Reading, Listening and Watching¶
Allan — Oliver Burkeman, 4,000 Weeks: Time and How to Use It
"It's the time of the year to sit and reflect and gaze out at the sea. So it's time, I think, for Oliver Burkeman's 4,000 Weeks: Time and How to Use It. 4,000 weeks turns out to be a normal human lifetime. And Burkeman, who's a British journalist, draws entertainingly and usefully on many different philosophical traditions to reflect on the good life and the importance of understanding that we can't do everything. And I think that's an especially good message for the sort of workaholics who deliver and listen to this podcast."

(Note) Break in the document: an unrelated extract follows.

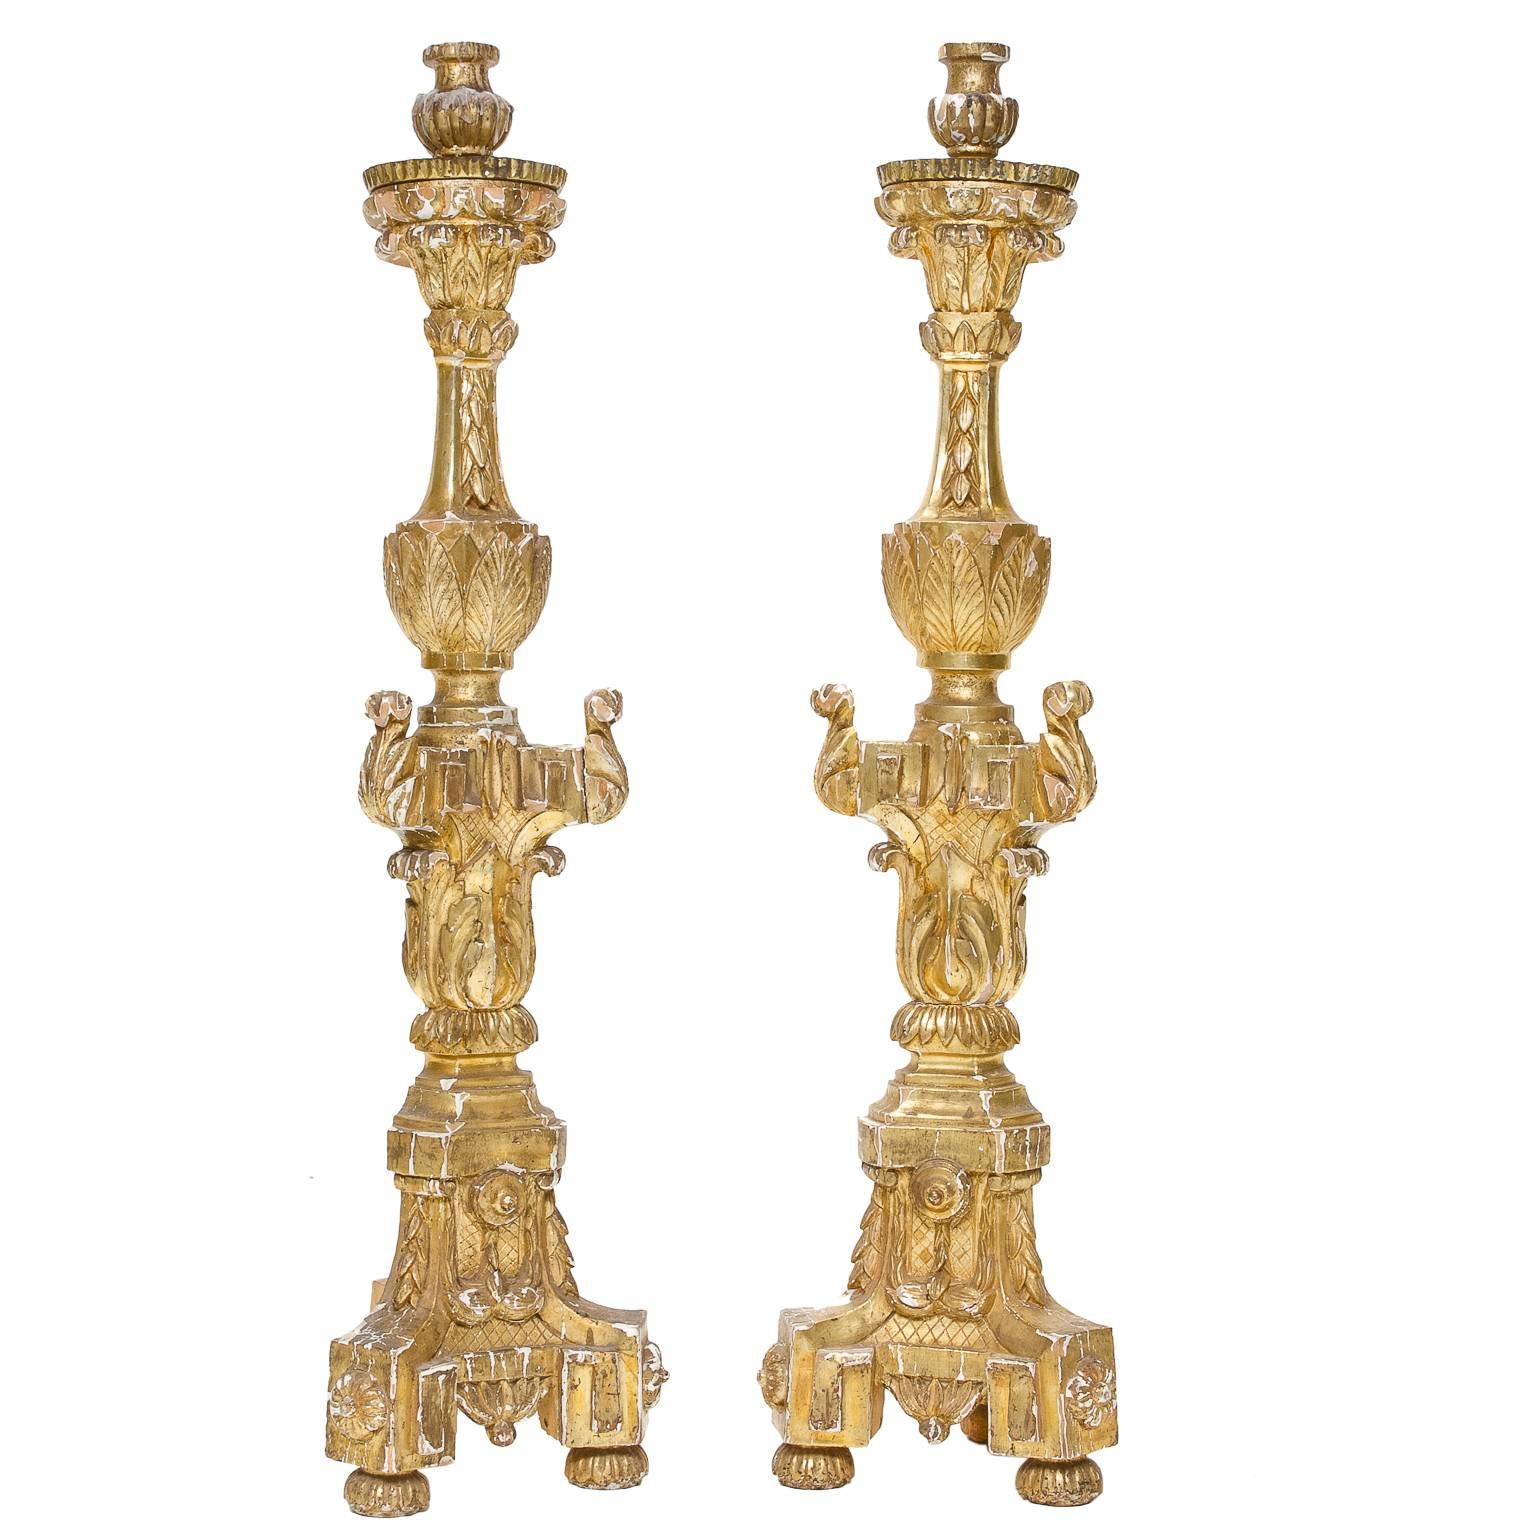 Early 19th Century, French Altar Candlesticks

— [00:40:41.540 --> 00:41:23.580]
Burkeman's book is a meditation on finitude and the impossibility of doing everything, drawing on Stoic, Buddhist, existentialist, and other traditions. Allan is drawn to the philosophical breadth ("many different philosophical traditions") and to the central lesson: that acknowledging what we cannot do is not defeat but wisdom. The recommendation arrives at the end of the year, described as a time "to sit and reflect and gaze out at the sea" — one of the very few moments in the corpus where Allan describes, however briefly, what rest and reflection look like for him. The self-implicating workaholic joke confirms the book is as much a prescription for himself as a recommendation for listeners. Compare with The National (Ep020), where he identified with an album about exhaustion; the two recommendations form a small pattern of Allan acknowledging, at year's end or at points of stress, the cost of sustained intensity.
Open Questions¶
- The space launch company: "a couple of years" working with a Korean Australian–run space launch company. When? The 1996–2003 gap is the most likely window, but the post-ONA period (~2013/14 to ~2018) cannot be ruled out. Is this company traceable? Were there Australian space launch ventures in the late 1990s with Korean Australian principals?

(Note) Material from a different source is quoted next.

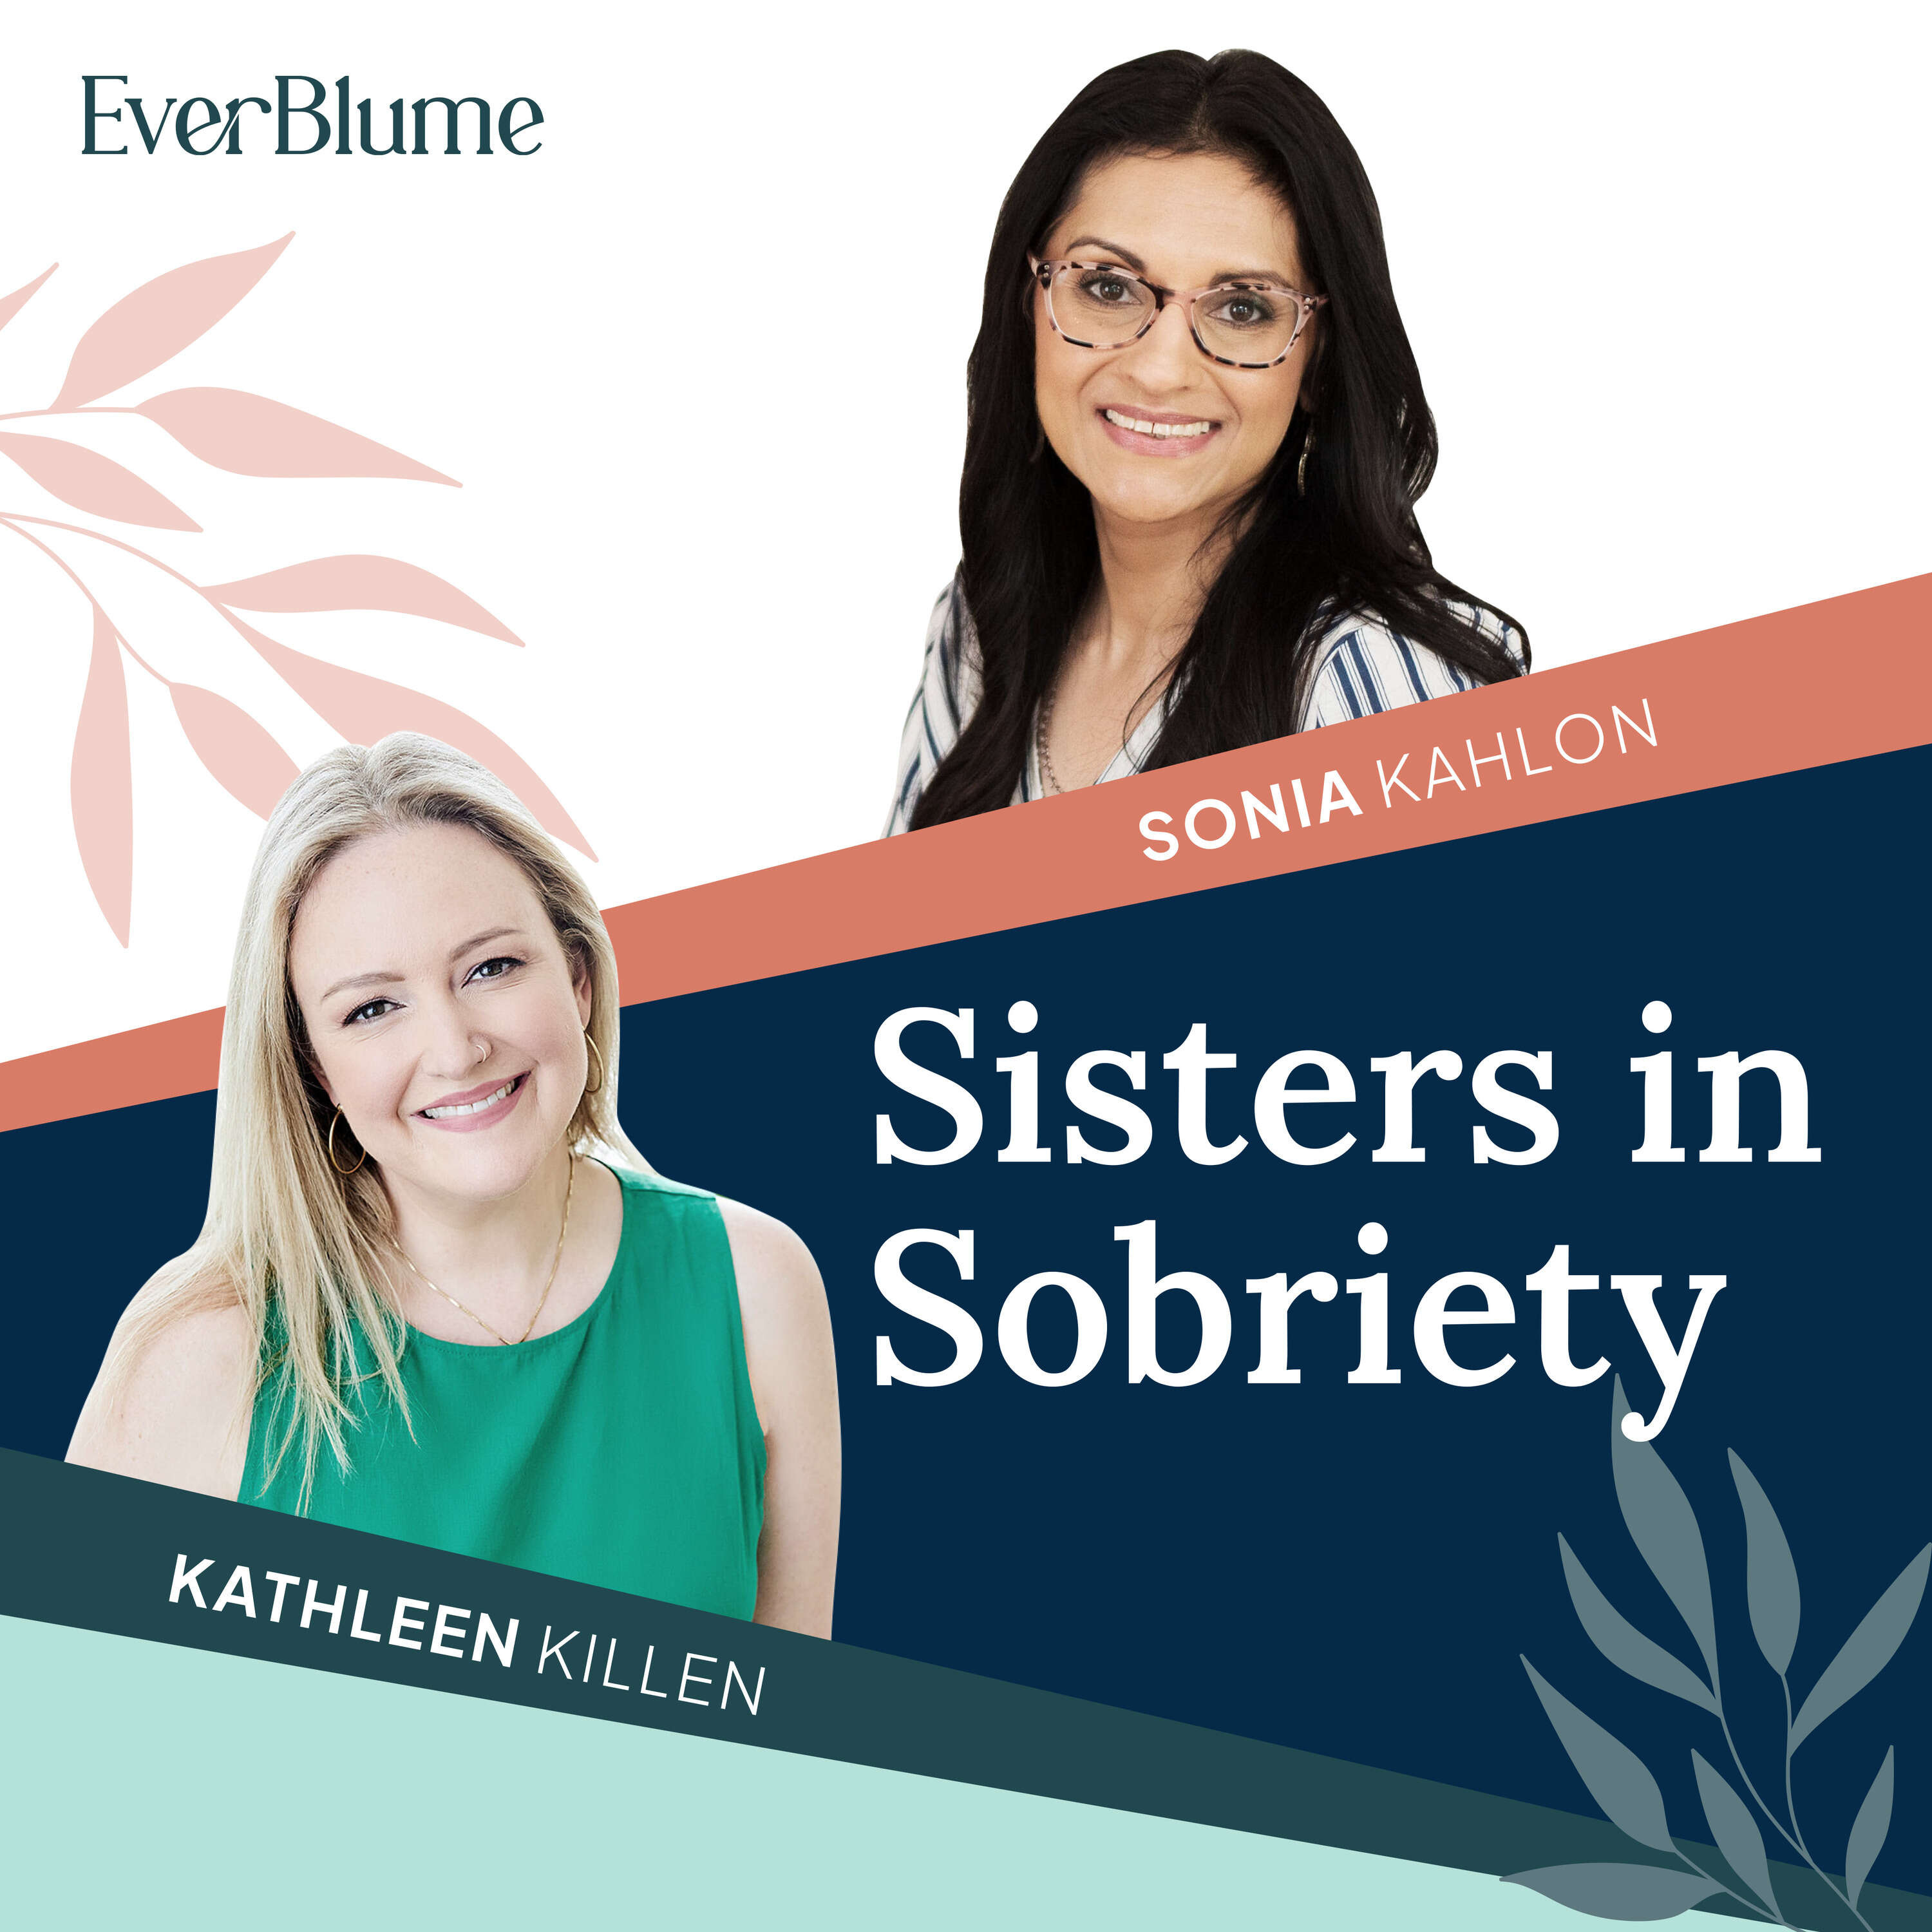 True Connections: The Impact of Sobriety on Friendships

- "Gaze out at the sea" — where does Allan spend Christmas? He is based in Canberra (landlocked) but Victoria is his home state. Does any other episode place him at the coast at year's end?

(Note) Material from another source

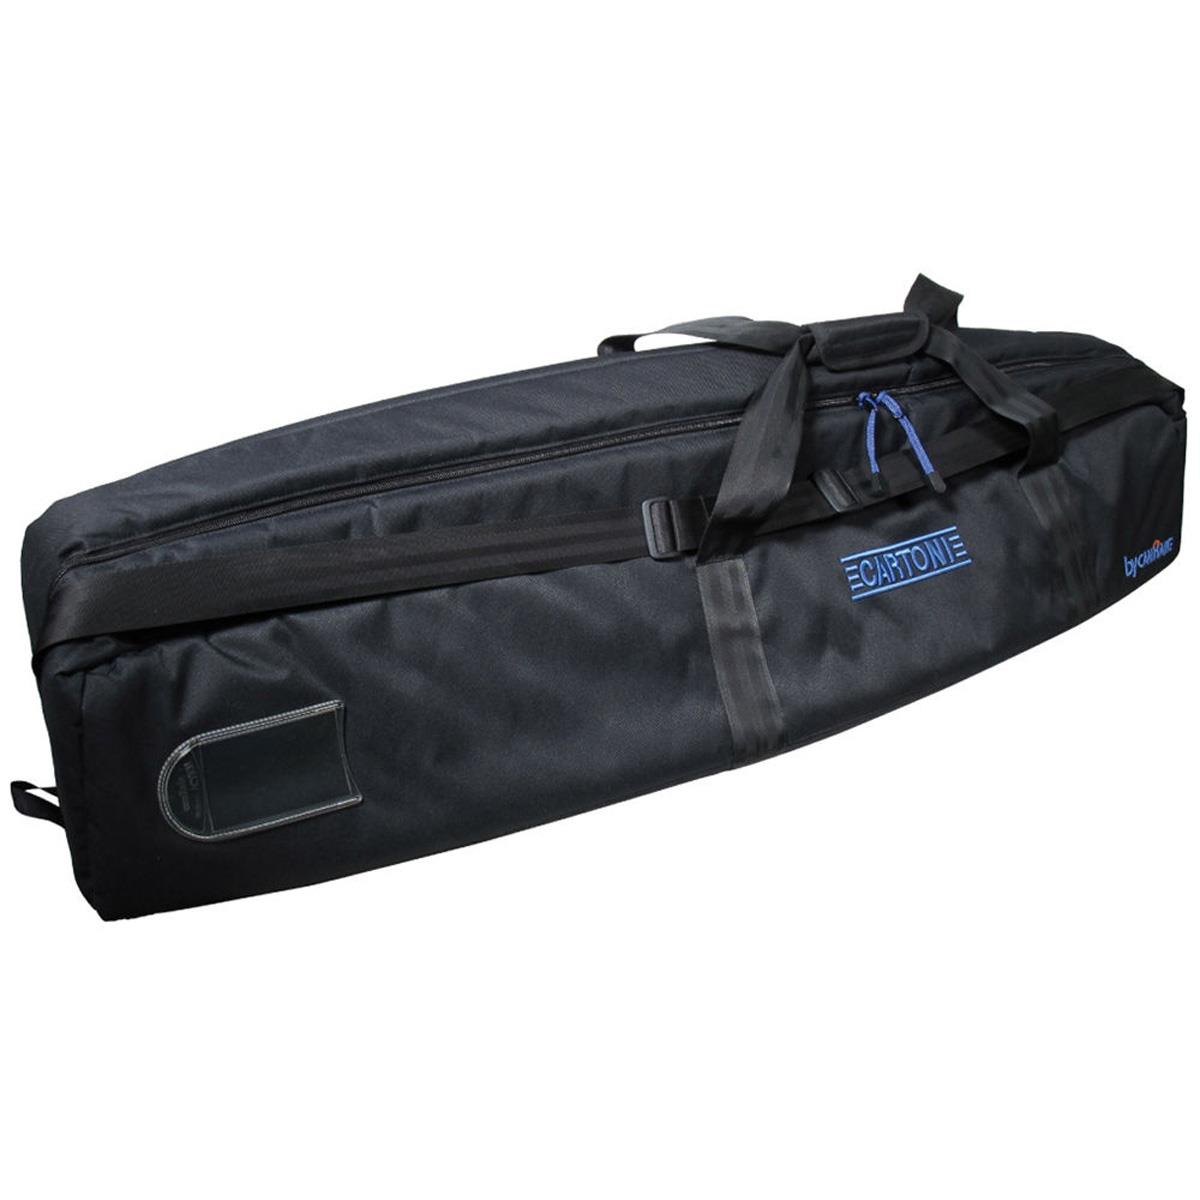 Image of Cartoni B410 Soft Carrying Case for Alfa and Beta 2

- His correction of Blanchett's reading of Xi's "system" language — does he return to this distinction in later episodes as the competition-of-systems framing becomes more mainstream in Australian policy discourse?
- The Payne (10 speeches) vs Bishop (80 speeches) data — does Allan return to DFAT's public communication deficit once the Albanese government appoints Penny Wong as Foreign Minister? Does Wong's speech output change his assessment?
- "In a Democracy, we can enthusiastically complain" — is this the clearest statement Allan makes of the podcast's purpose as a democratic act? Does he return to the public-communication theme in the lead-up to the 2022 election?